Implementing the rule is quite trivial though. Don't forget to update the Expr rule appropriately!


# #![allow(unused_variables)]
#fn main() {
pub Expr: Expr = {
    <Ident> => Expr::Ident(<>),
    <Literal> => Expr::Literal(<>),
    <FunctionCall> => Expr::FunctionCall(<>),
};

FunctionCall: FunctionCall = {
    <l:@L> <name:Ident> "(" <args:Comma<Expr>> ")" <r:@R> => FunctionCall::new(name, args, Span::new(l, r)),
};

Comma<T>: Vec<T> = { 
    <v:(<T> ",")*> <e:T?> => match e { 
        None => v,
        Some(e) => {
            let mut v = v;
            v.push(e);
            v
        }
    }
};
#}

You'll notice we included a "macro" (Comma<T>) for parsing any comma-separated T, where T can be any arbitrary rule. This is literally copy-pasted from the Macros" chapter in the lalrpop book and lets us say "parse a comma-separated list of Expressions and bind them to the args variable" in a very concise way.

Last up is to parse a full function, which is made up of a "def", the function signature, and a function body.

Writing out the test for this one is a massive pain because of how nested the AST is getting. If you have a suggestion for making these tests easier to write, please let us know by making an issue on GitHub!!

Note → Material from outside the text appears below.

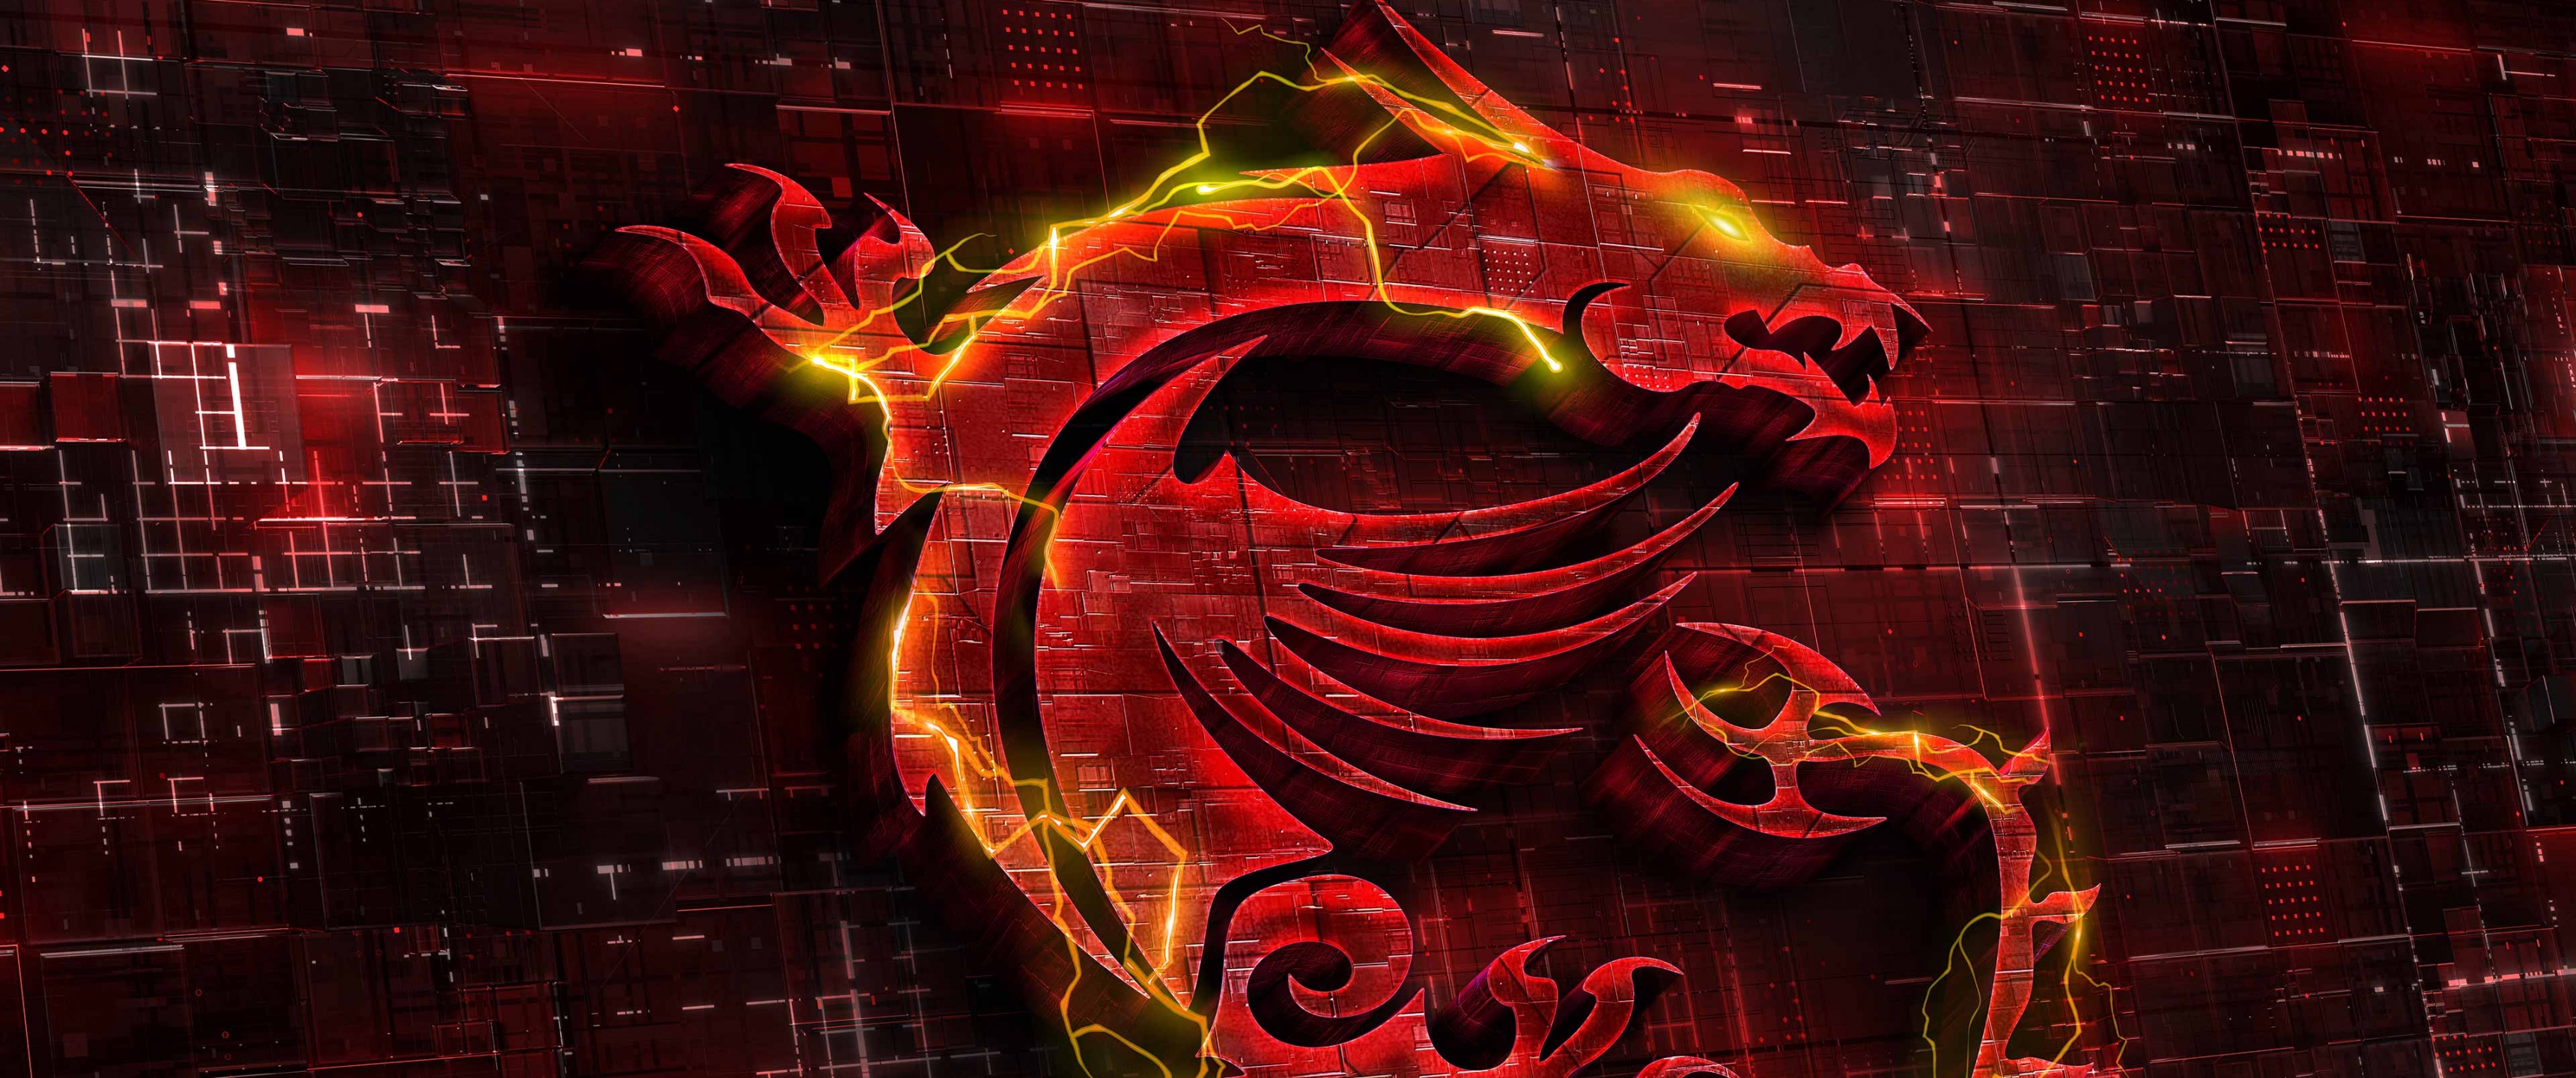 MSI Gaming Wallpaper 4K, Dragon, Fire, Red background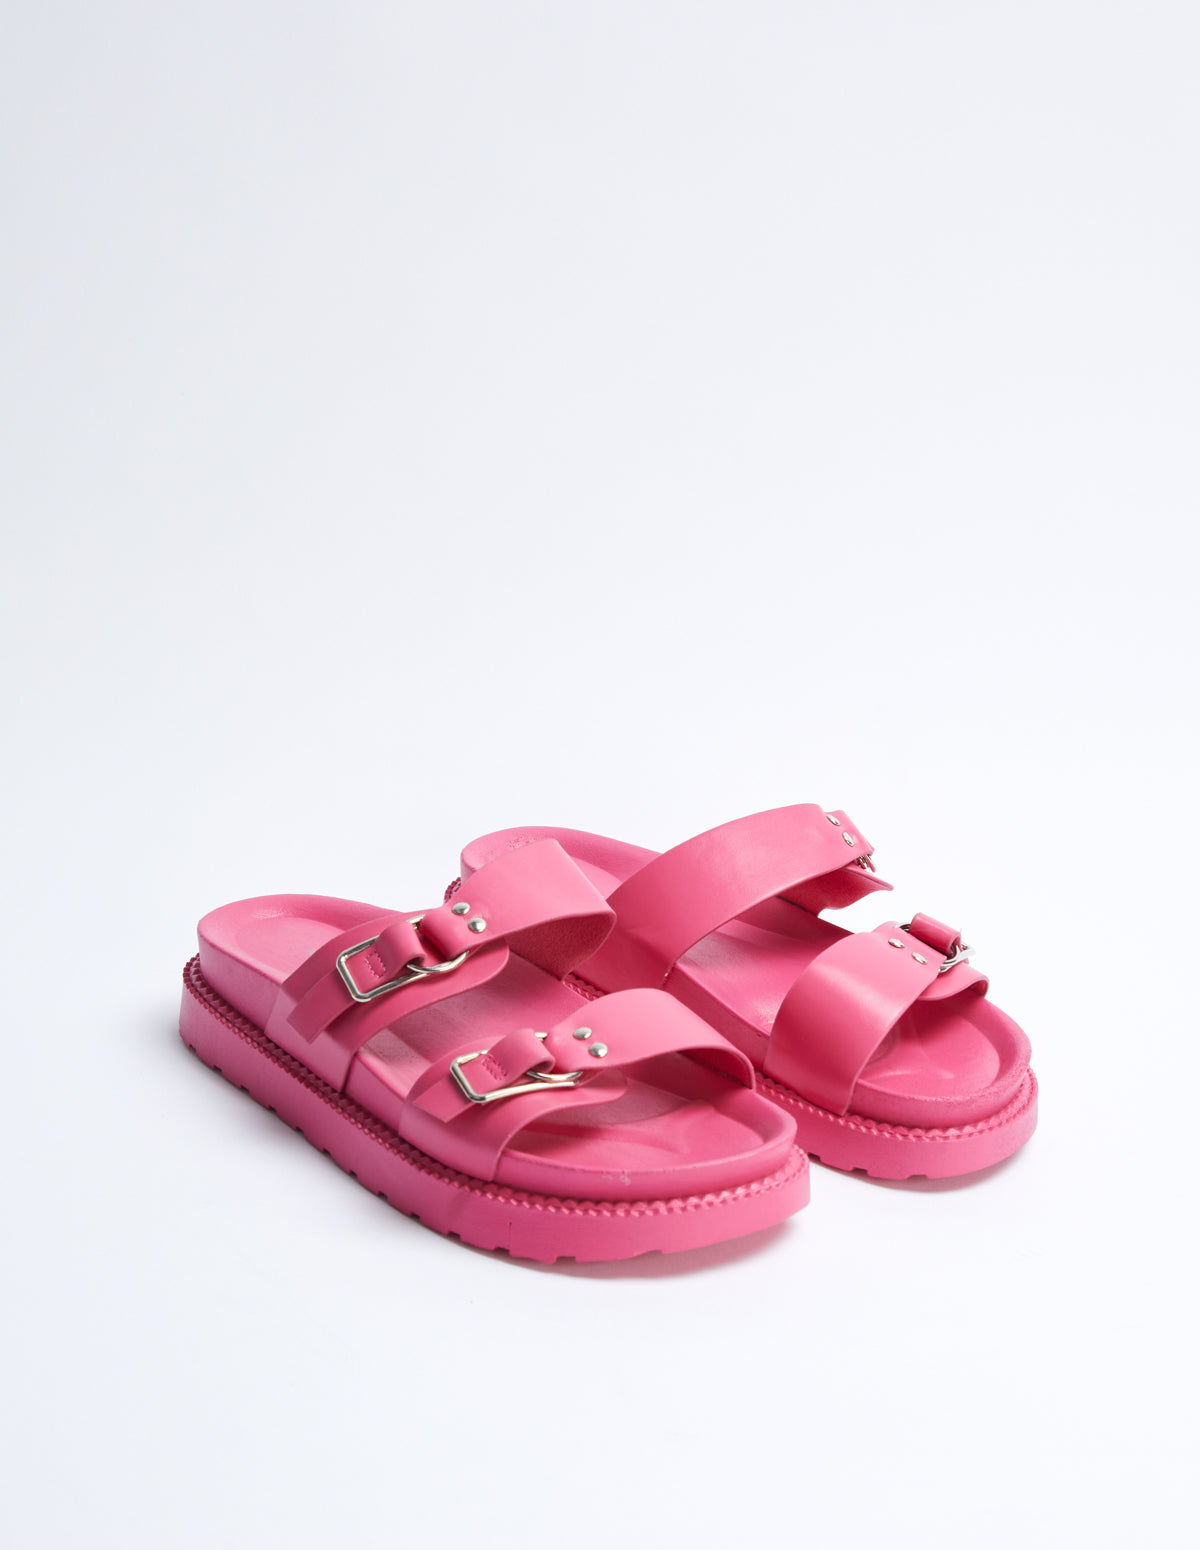 Two Strap Buckle Sandals - Apr

# #![allow(unused_variables)]
#fn main() {
#[test]
fn parse_a_full_function() {
    let src = "def foo(a b) add(5, 3.15)";
    let lexer = tokens::construct_lexer(src);

    let name = Ident::new("foo", Span::new(ByteIndex(4), ByteIndex(7)));
    let args = vec![
        Ident::new("a", Span::new(ByteIndex(8), ByteIndex(9))),
        Ident::new("b", Span::new(ByteIndex(10), ByteIndex(11))),
    ];
    let decl = FunctionDecl::new(name, args, Span::new(ByteIndex(4), ByteIndex(12)));

    let call_name = Ident::new("add", Span::new(ByteIndex(13), ByteIndex(16)));
    let body_args = vec![
        Expr::Literal(Literal::new(5.0, Span::new(ByteIndex(17), ByteIndex(18)))),
        Expr::Literal(Literal::new(3.15, Span::new(ByteIndex(20), ByteIndex(24)))),
    ];

    let body = Expr::FunctionCall(FunctionCall::new(
        call_name,
        body_args,
        Span::new(ByteIndex(13), ByteIndex(25)),
    ));

    let should_be = Item::Function(Function::new(
        decl,
        body,
        Span::new(ByteIndex(0), ByteIndex(25)),
    ));

    let got = ItemParser::new().parse(lexer).unwrap();
    assert_eq!(got, should_be);
}
#}

As I was writing the rules for parsing a function I took the time to do a little refactoring and extract the common code between extern and def (the function signature part) into its own FunctionDecl rule.


# #![allow(unused_variables)]
#fn main() {
pub Item: Item = {
    <Extern> => Item::Extern(<>),
    <FunctionDef> => Item::Function(<>),
};

FunctionDef: Function = {
    <l:@L> "def" <decl:FunctionDecl> <body:Expr> <r:@R> => Function::new(decl, body, Span::new(l, r)),
};

Extern: FunctionDecl = {
    <l:@L> "extern" <decl:FunctionDecl> <r:@R> => FunctionDecl { span: Span::new(l, r), ..decl },
};

FunctionDecl: FunctionDecl = {
    <l:@L> <name:Ident> "(" <args:Ident*> ")" <r:@R> => FunctionDecl::new(name, args, Span::new(l, r)),
};
#}

Hint: When using tests to make sure the parser gives you exactly what you expect, it often takes a non-trivial amount of time to figure out what's different between the two parse trees you received. This is especially annoying when updating things like the Span indices.

The pretty_assertions crate overrides the default assert_eq!() macro to show a full-colour diff, pointing out exactly what's wrong and how you can change it. You may find this useful for testing.